What they are and what they're for
Aerated concrete blocks go by several names on UK building sites and in merchants' catalogues: aircrete, Thermalite (Forterra's brand), Celcon (H+H), Toplite (Tarmac), and occasionally just "lightweight blocks." They're all the same product: autoclaved aerated concrete (AAC), made from cement, lime, water, pulverised fuel ash (PFA), and a tiny amount of aluminium powder. The aluminium reacts with the other ingredients to produce microscopic hydrogen bubbles before the block is autoclaved (steam-cured at high pressure), leaving a rigid cellular matrix full of tiny air pockets.
Those air pockets are the whole point. They drop the density from around 2000 kg/m3 (dense aggregate concrete) to approximately 600 kg/m3, which cuts thermal conductivity by almost ten times and reduces block weight from 19-20 kg (dense) to around 7 kg at typical delivered moisture content. A full shift of aerated blocks weighs roughly half what a shift of dense blocks weighs. Bricklayers work faster, their backs survive longer, and cutting at corners and openings takes seconds rather than minutes.
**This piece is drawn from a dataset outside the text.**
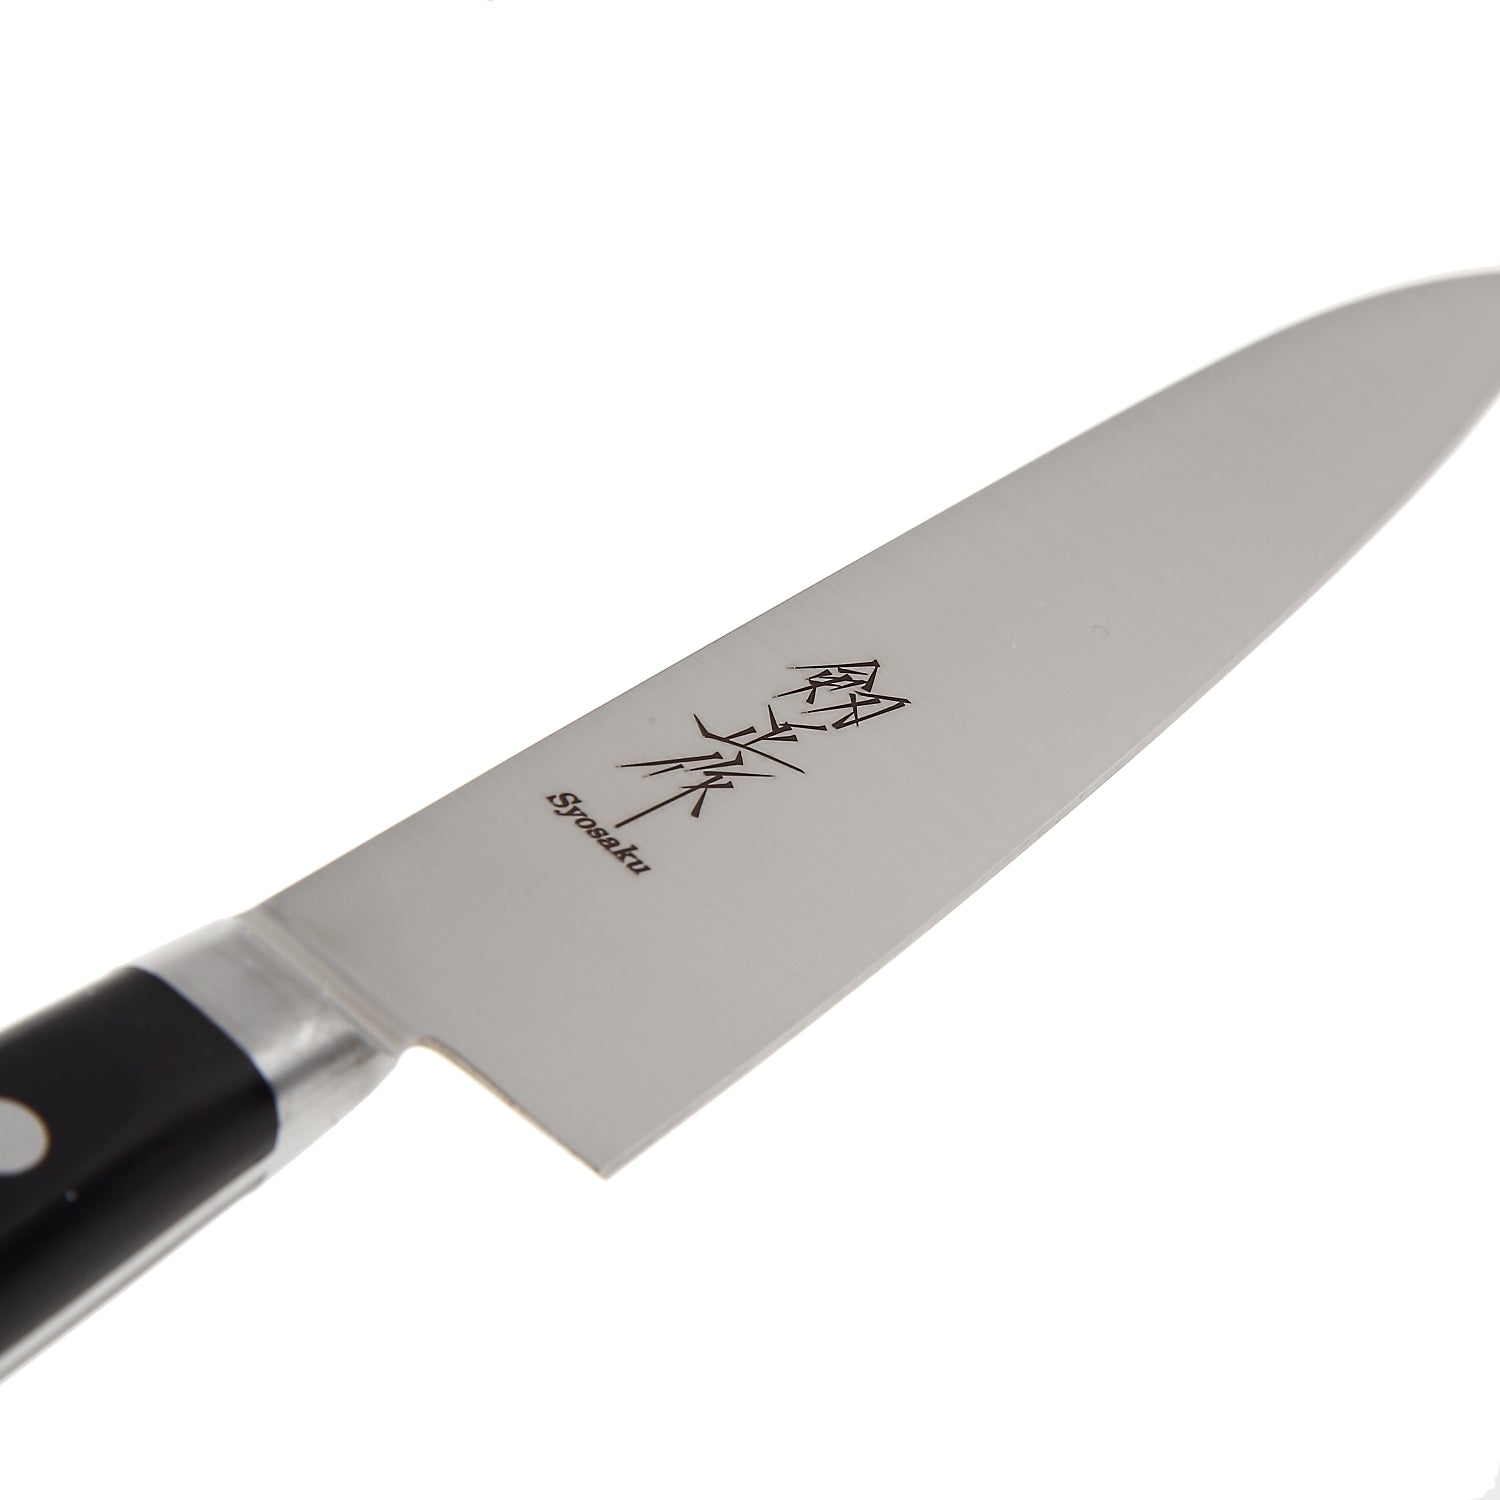 Syosaku Japanese Petty Knife INOX AUS-8A Stainless Steel Black Pakkawood Handle, 6-inch (150mm)
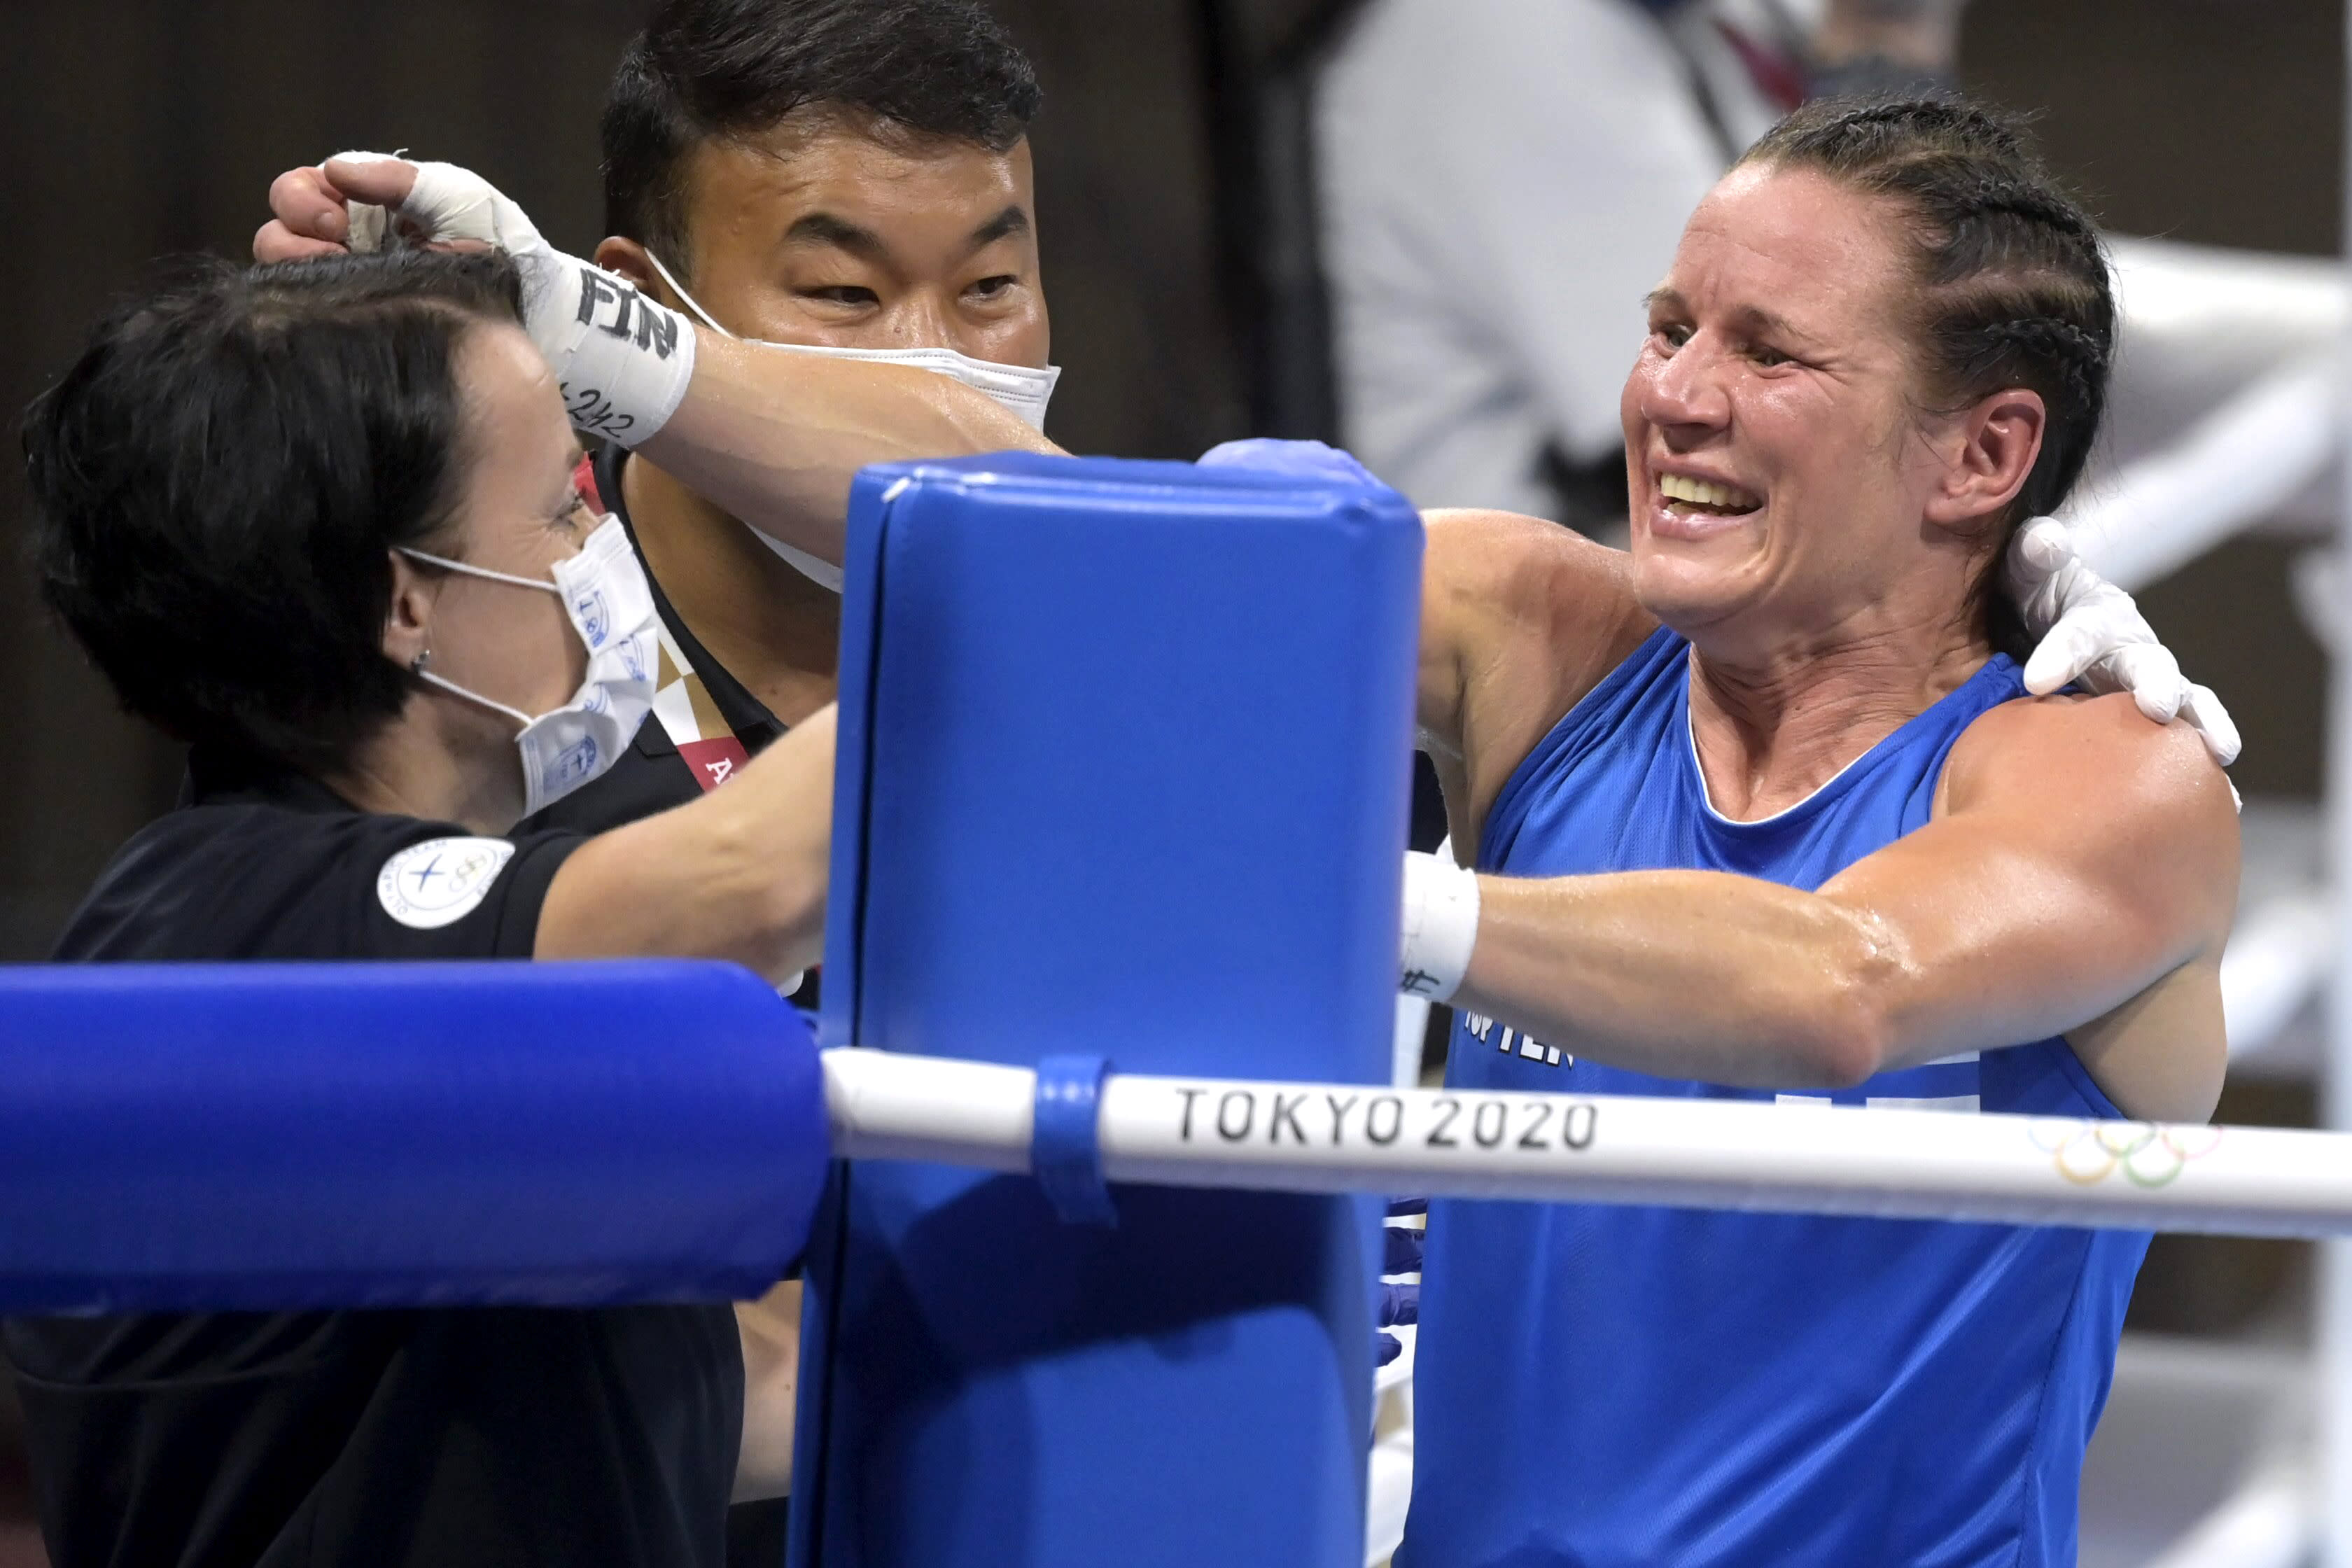 Fighting Finn gewann eine olympische Medaille – schreibt Boxgeschichte

The UK governing standard is BS EN 771-4:2011+A1:2015, which covers autoclaved aerated concrete masonry units. Any block sold through a reputable UK merchant will carry a UKCA/CE marking and a Declaration of Performance showing the tested values for that specific product.
Specifications and variants
Standard dimensions are 440 x 215 x 100mm. With a 10mm mortar joint the working module is 450 x 225mm, giving exactly 10 blocks per square metre of wall face.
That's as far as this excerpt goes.